Still, none of these practices work without psychological safety. The caffeinated squirrel often hides behind momentum because they fear being seen as ineffective. Boards and CEOs must model a culture where reflection is rewarded and stillness is not seen as stagnation. One of the most powerful things a CEO can say to a hyperactive executive is: “You don’t have to prove your value through volume. Your value is in your discernment in creating impact at scale.”

I often return to a deceptively simple line from Peter Drucker: “There is surely nothing quite so useless as doing with great efficiency what should not be done at all.” The caffeinated squirrel excels at doing. But leadership is not a race to action. It is a commitment to consequence. What happens after the meeting, after the idea, after the pivot—that’s what defines enterprise impact.

As I reflect on my own career, I’ve worked alongside many brilliant, fast-moving minds. I’ve also learned the hard way that motion without reflection burns capital, credibility, and trust. Speed gets you attention. Focus earns you leverage. Let’s be clear: The goal is not to stifle visionary leaders. The caffeinated squirrel isn’t the problem. Unchanneled energy is. Some of the greatest business breakthroughs come from individuals who think and move at a different frequency than their peers. But in senior leadership, brilliance must be coupled with discipline. Momentum must be in service of mission.

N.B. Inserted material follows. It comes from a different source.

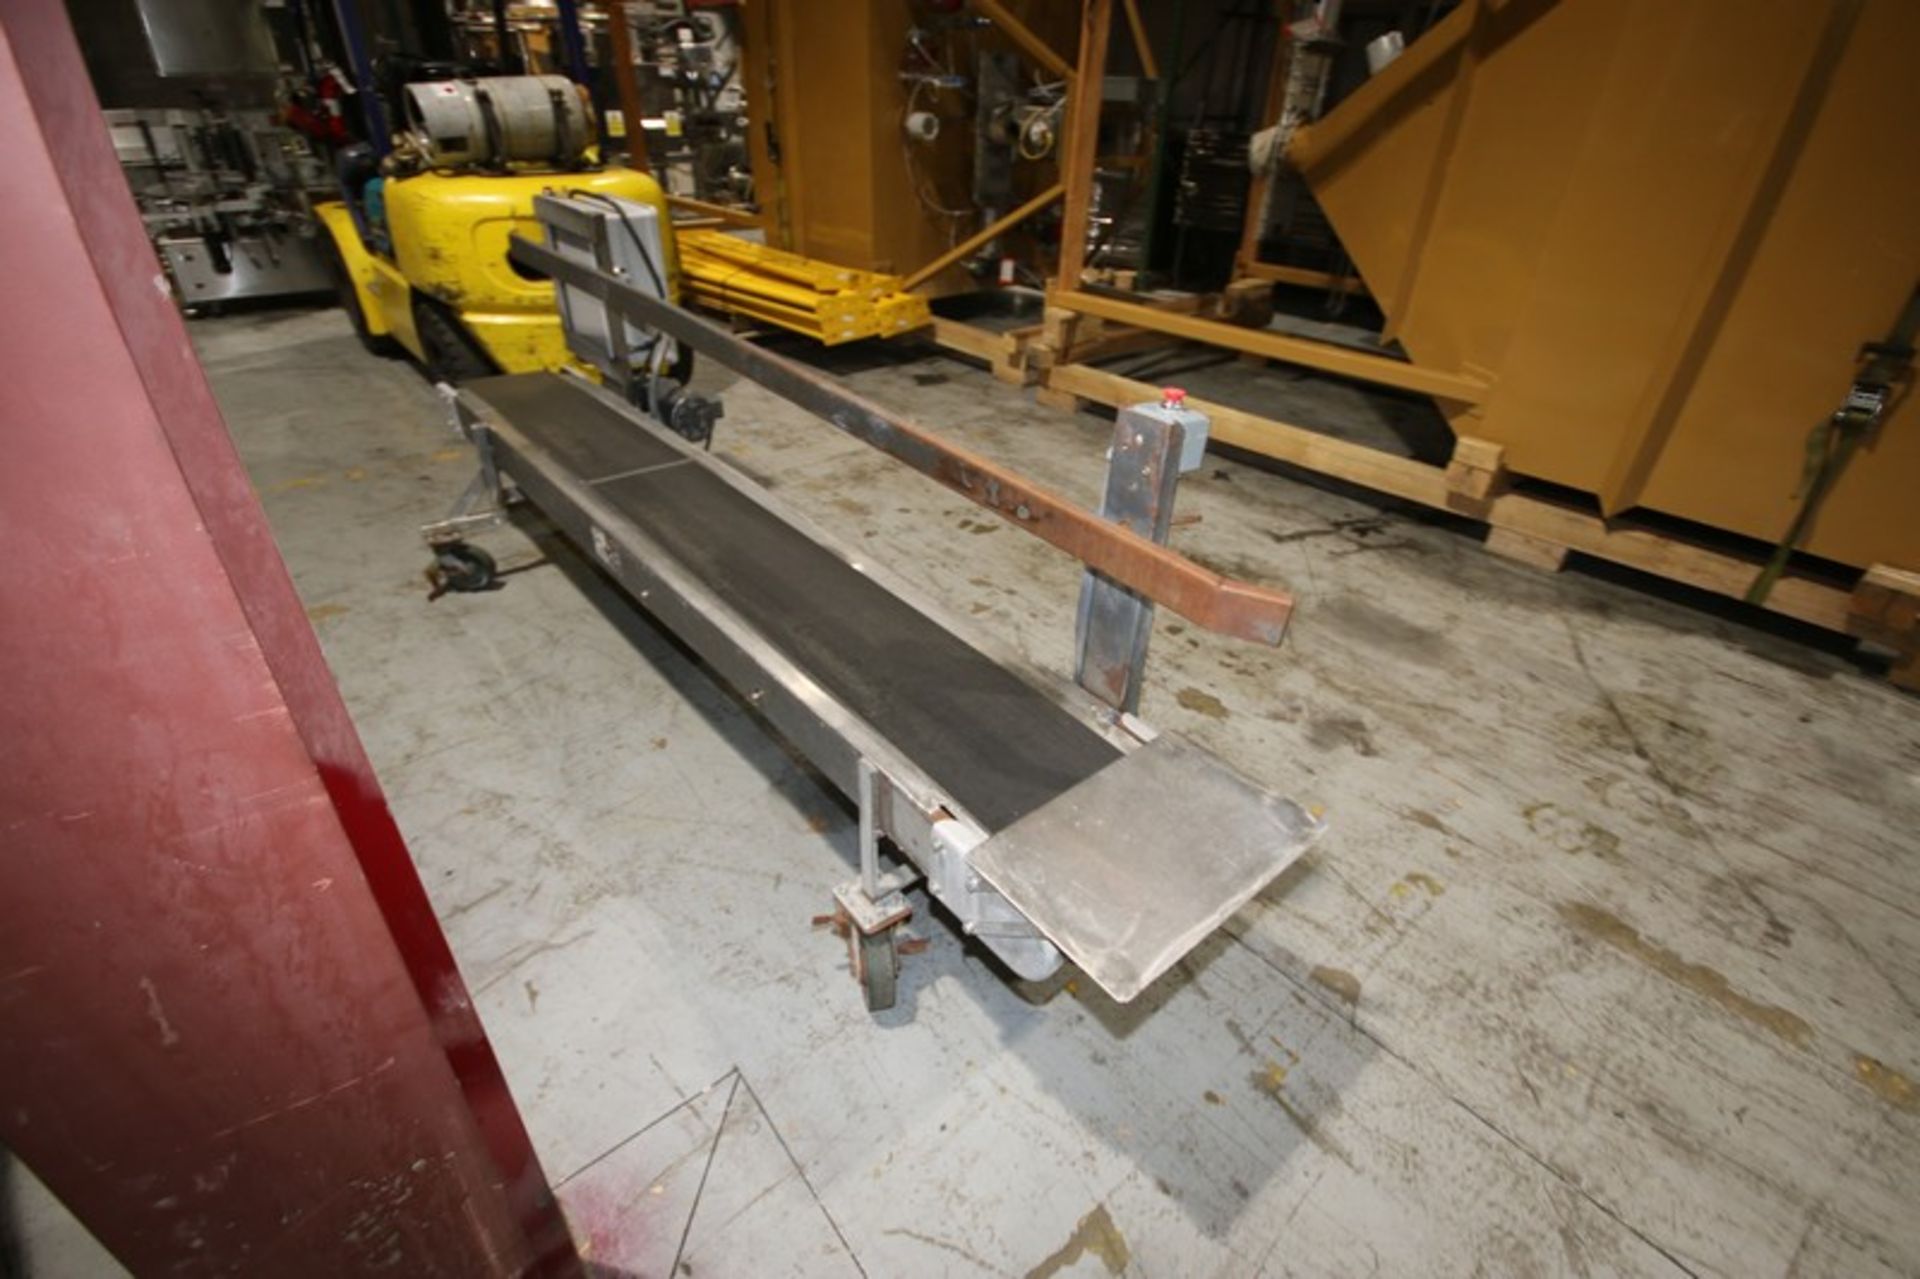 Chantland S/S Portable Power Belt Conveyor, Model 4201, S/N 39282, Overall Dims.: Aprox. 125" L x - Image 3 of 6

In an age of information fatigue and performance theater, the leader who learns how to slow down strategically—who masters the discipline of thoughtful execution—becomes not just effective, but indispensable. The real future of leadership belongs not to the caffeinated squirrel, but to the calibrated strategist.

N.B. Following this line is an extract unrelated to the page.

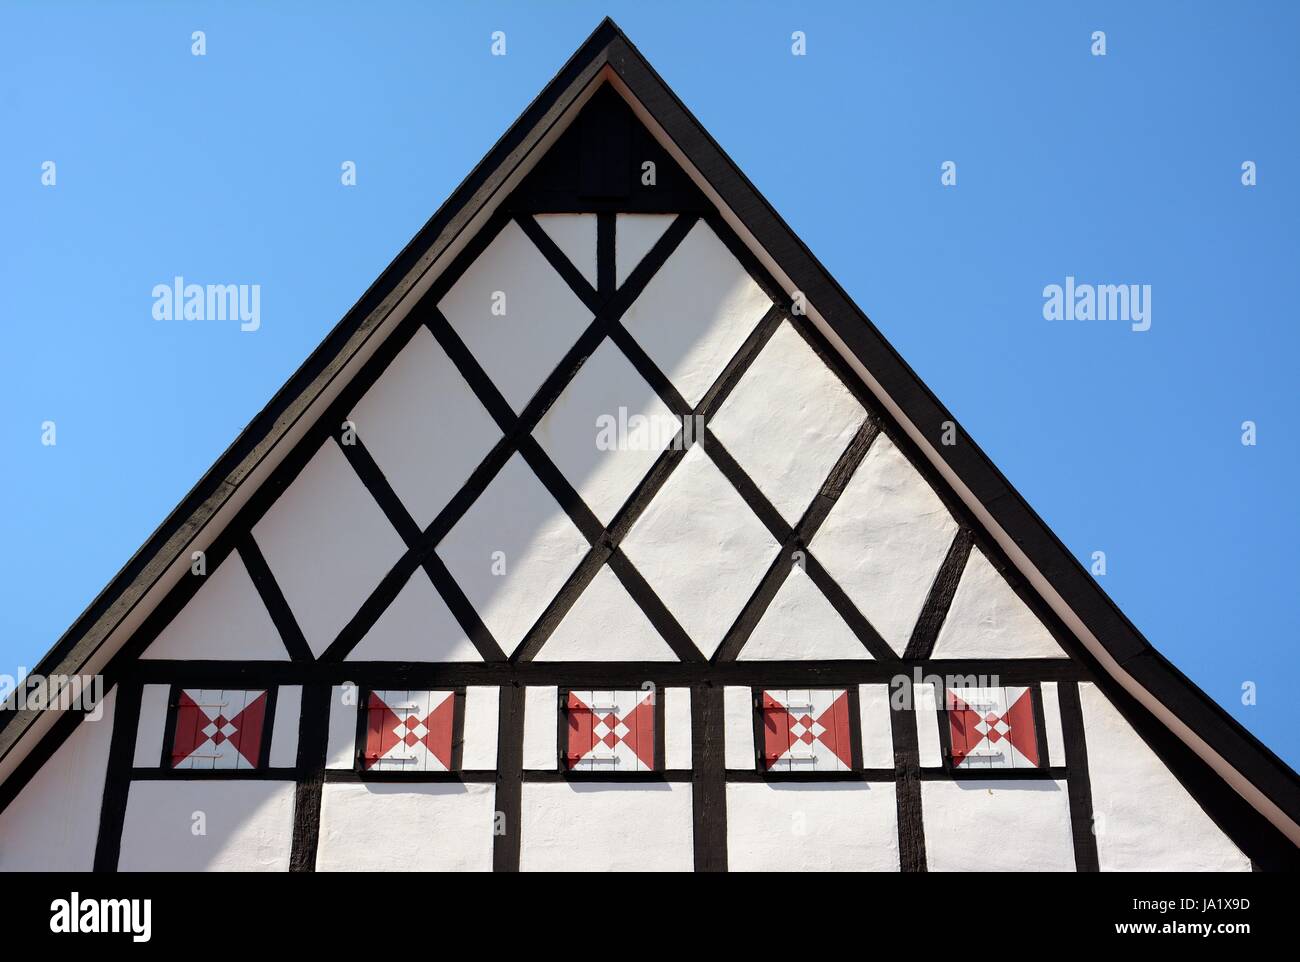 frame-work, facade, pointed roof, redecorates, restores, house, building, home, Stock Photo

And that future starts by recognizing that sometimes, the most powerful move a leader can make is to pause—not because they’re lost, but because they’ve finally found the map. Organizations that scale successfully don’t just build for speed. They build for velocity in the right direction. And that requires leaders who know when to go fast, when to slow down, and when to stop entirely and ask the hard question: Am I creating progress—or just motion?